# Prepping / Emergency Preparedness > Bags, Kits and Vehicles >  go bags

## wareagle69

so just a quick though on this and then i will add more this week when i have time.
With being on the fire department (volunteer) and also search and rescue the calls have been coming in frequently recently and my mode of thinking has had to adapt to this state of constant readiness, keeping my clothes in one spot by the door ready to don in seconds and be out the door, same with my bags, and i now have two fo them, one for search and rescue and one for fire dept especially for forest fires, it has changed my thought process as i mentioned, really helps me for the big emergency if and whaen it should ever happen.
so let me organize my thoughts a bit more and add more to it later

----------


## your_comforting_company

I'm definately interested in the kit. I'll be watching for your update.

----------


## Rick

I'd also be interested to know if you were given some list of gear or if you put it together yourself.
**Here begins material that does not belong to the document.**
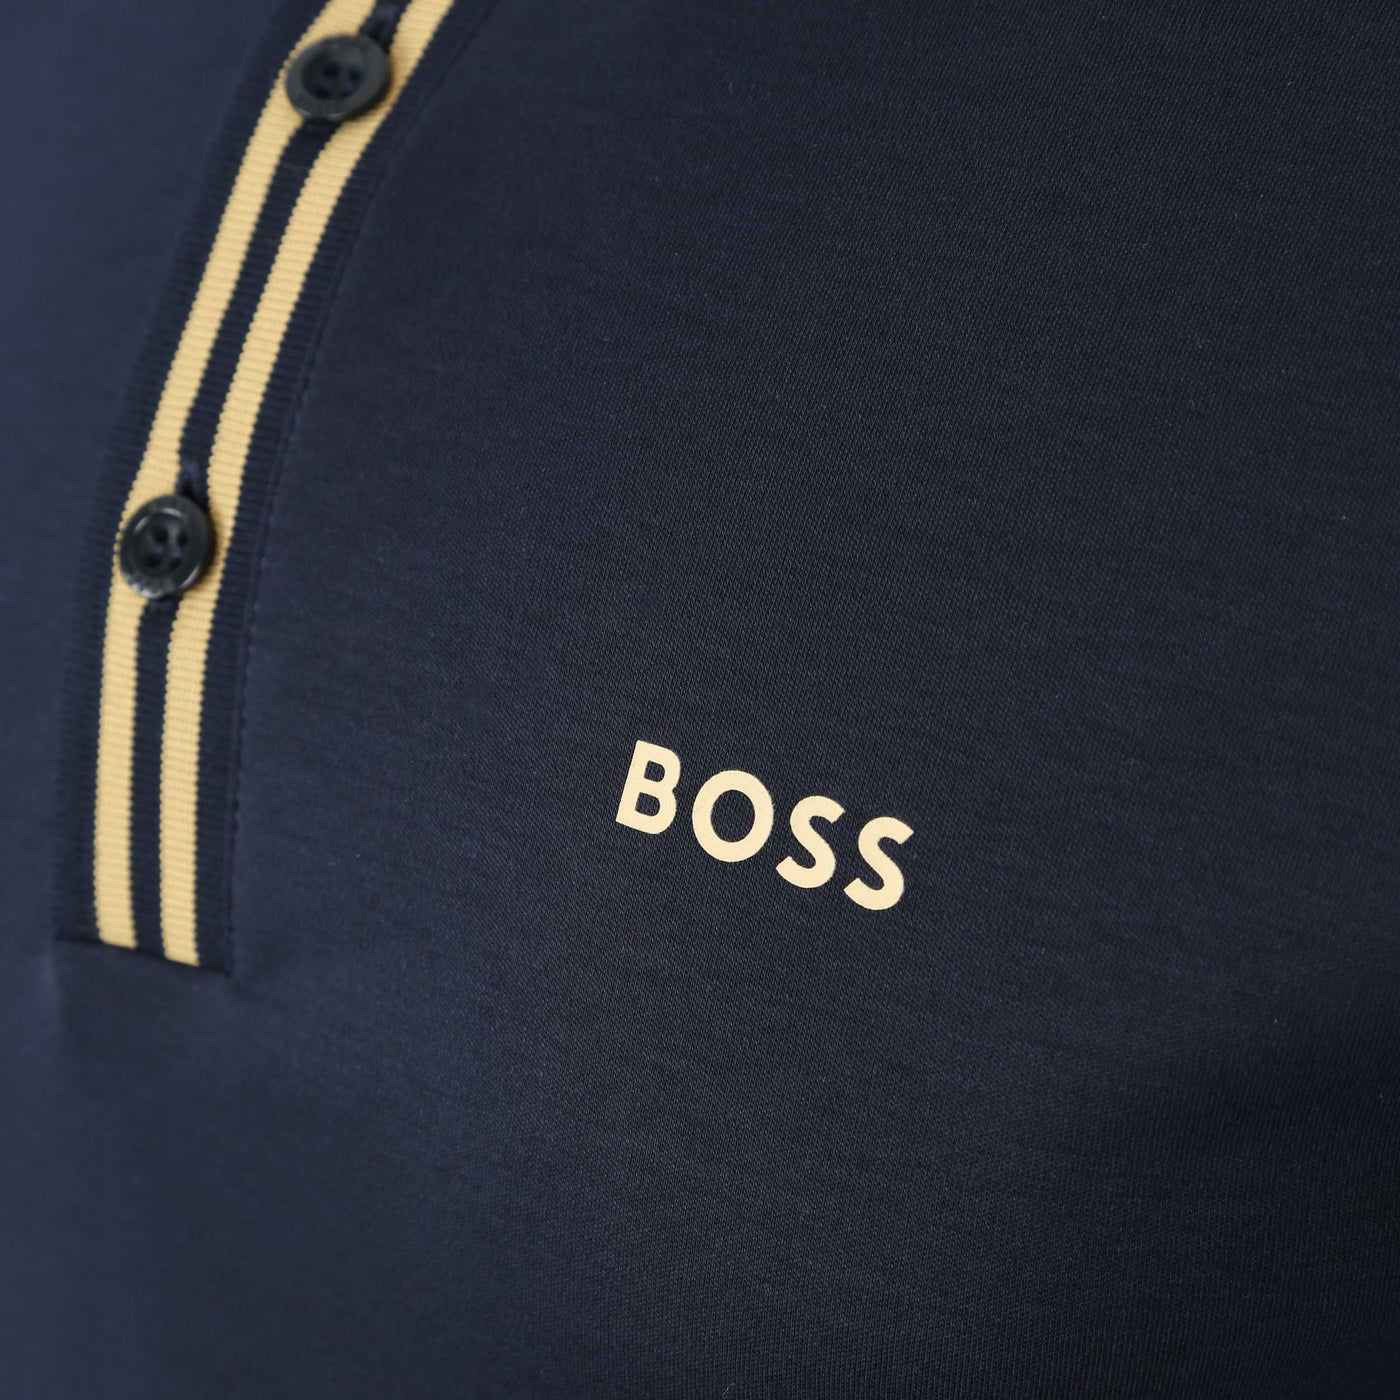 BOSS Paule1 Polo Shirt in Navy & Gold

If you put it together yourself, are you going through the same process we all do of saying, "Gee, I wish I had brought this," or "I sure don't need to carry this,"?

----------


## Justin Case

> and one for fire dept especially for forest fires,


We Called those "Out of County" bags,  I was a Firefighter for the state and we often were called out on strike teams to different areas,  Later, I became involved in Communications for the Fire Dept and they would fly me around the state to the larger Incidents where I would do various duties at the ICP, My Out of county bag had everything i would need for at least a two week stay, On Large Incidents in Fire Camp, I really didnt need much, They set up kitchens to feed everyone right there, Provided all the basics, toiletries, etc,  Most of the time The state would basically comendere the local Motels and we (Overhead Personnel) would stay there off shift,   Dang,  I miss it !

----------